Anderson also argues that the Sand Canyon assignment was void because at the time of the assignment it did not own any residential mortgages.  This however is a circular argument because if the Option One assignment failed for any reason, Sand Canyon would have still owned the residential mortgage at issue.  This assignment was therefore confirmatory in nature.  If the Option One assignment had been successful, the Sand Canyon assignment was superfluous and harmless.  Either way the bank had been properly assigned the mortgage.

The judge correctly found that the mortgage assignments followed the requirements of G. L. c. 183, § 54B, and that the bank properly exercised the statutory power of sale, based on the affidavit of sale.  See G. L. c. 183, §§ 21, 54B; G. L. c. 244, §§ 14, 15.

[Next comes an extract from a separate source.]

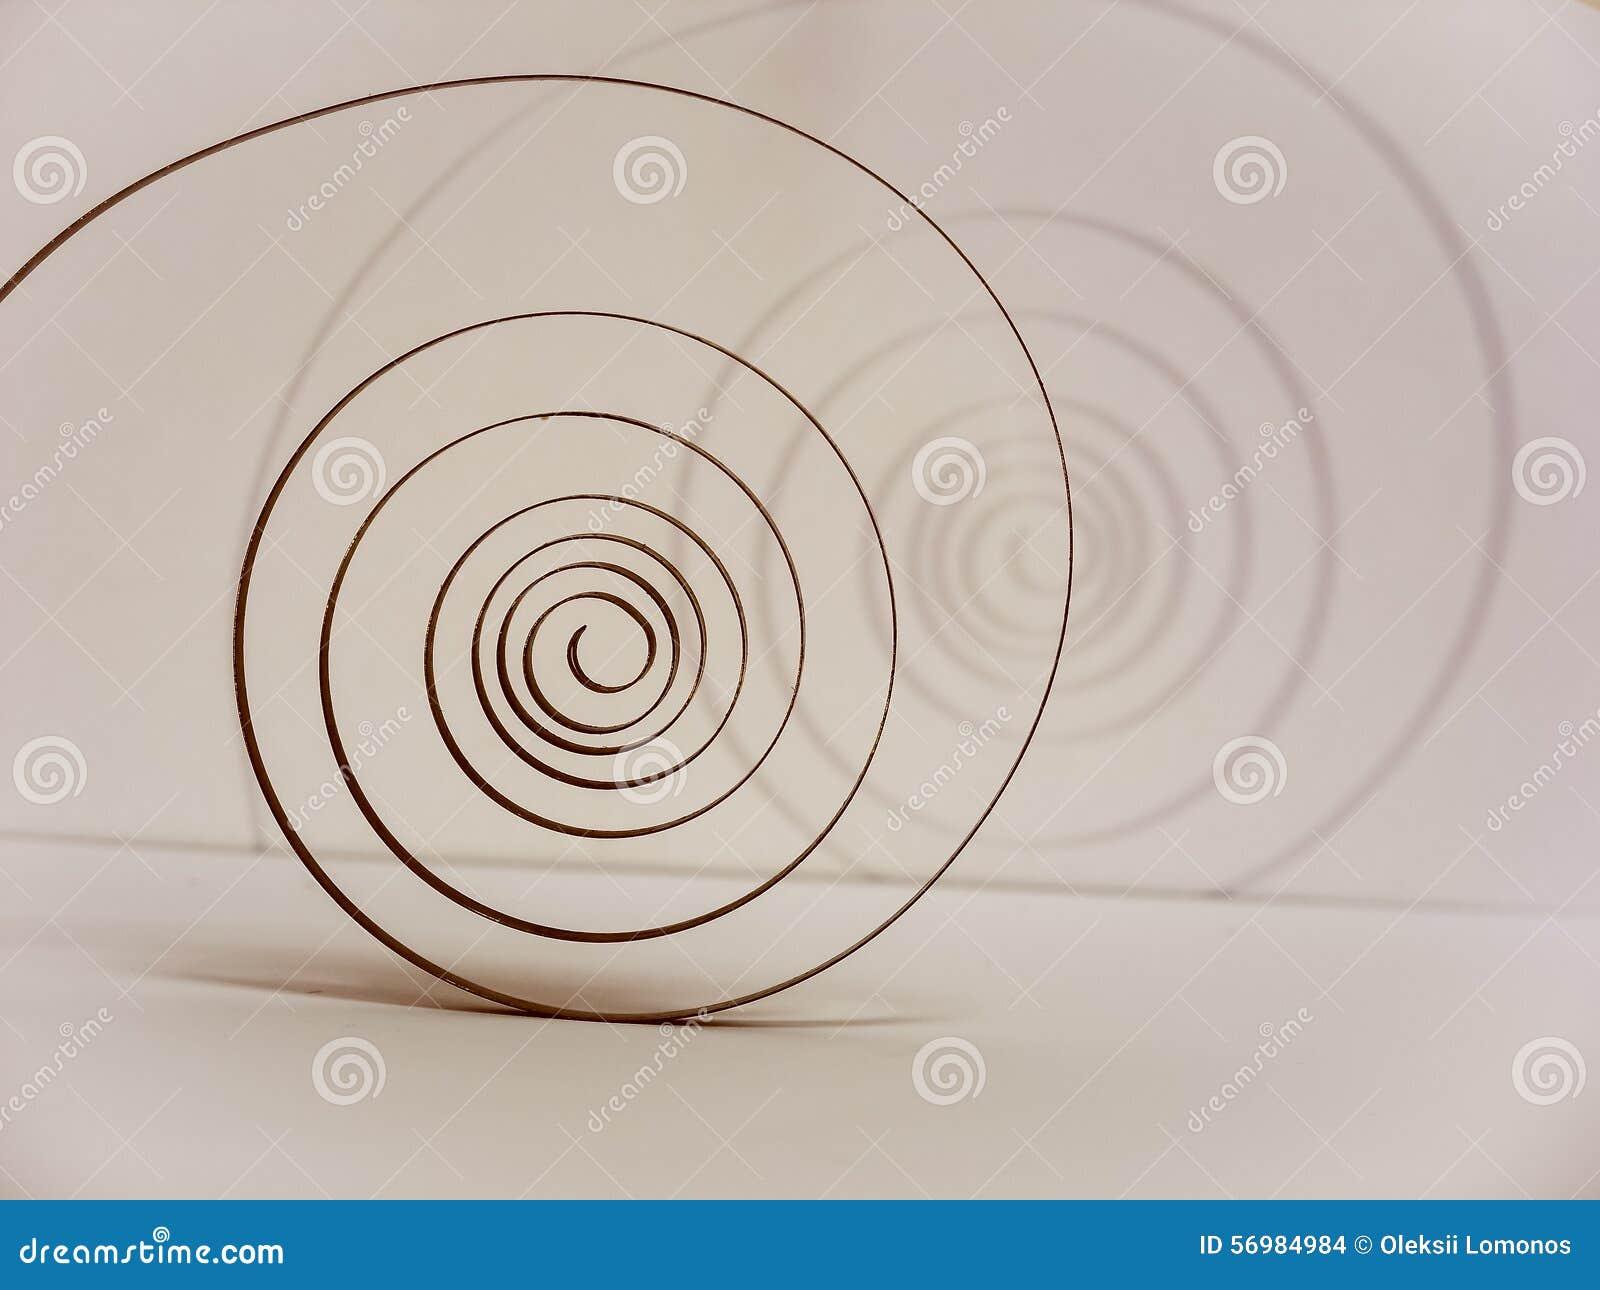 De oude lente op de slinger in de vorm van een spiraal is het hart van het horloge

Conclusion.  The judge correctly determined that both the Option One assignment and the Sand Canyon assignment, as well as the foreclosure deed and the affidavit of sale, were executed by individuals holding offices of the types required by G. L. c. 183, § 54B, and that all of those documents were notarized.  Option One and Sand Canyon were therefore bound conclusively by the recorded assignments.  The assignments may have been theoretically voidable by a party of interest and having standing but they were not void.  Since the assignments were not void, Anderson had no standing to contest their validity and had no right to discovery beyond what was recorded pursuant to the statute.[5]

Judgment affirmed.


[1] Of the Securitized Asset-Backed Receivables, LLC Trust 2006-OP1, Mortgage Pass-Through Certificates, Series 2006-OP1.

 

[2] General Laws c. 183, § 54B, as appearing in St. 2010, c. 282, § 2, provides:  “Notwithstanding any law to the contrary, (1) a discharge of mortgage; (2) a release, partial release or assignment of mortgage; (3) an instrument of subordination, non-disturbance, recognition, or attornment by the holder of a mortgage; (4) any instrument for the purpose of foreclosing a mortgage and conveying the title resulting therefrom, including but not limited to notices, deeds, affidavits, certificates, votes, assignments of bids, confirmatory instruments and agreements of sale; or (5) a power of attorney given for that purpose or for the purpose of servicing a mortgage, and in either case, any instrument executed by the attorney-in-fact pursuant to such power, if executed before a notary public, justice of the peace or other officer entitled by law to acknowledge instruments, whether executed within or without the commonwealth, by a person purporting to hold the position of president, vice president, treasurer, clerk, secretary, cashier, loan representative, principal, investment, mortgage or other officer, agent, asset manager, or other similar office or position, including assistant to any such office or position, of the entity holding such mortgage, or otherwise purporting to be an authorized signatory for such entity, or acting under such power of attorney on behalf of such entity, acting in its own capacity or as a general partner or co-venturer of the entity holding such mortgage, shall be binding upon such entity and shall be entitled to be recorded, and no vote of the entity affirming such authority shall be required to permit recording” (emphasis added).

 

[3] Compare Haskins v. Deutsche Bank Natl. Trust Co., 86 Mass. App. Ct. 632, 642 (2014) (Dicta summarily stating that “[the mortgagor’s] challenge to the validity of the signatures on the mortgage assignment is precluded by the provisions of G. L. c. 183, § 54B”).  The bank cites to this case as dispositive authority.

 

[4] Likely a confirmatory instrument.

 

[5] The bank’s request for appellate attorney’s fees and double costs is denied.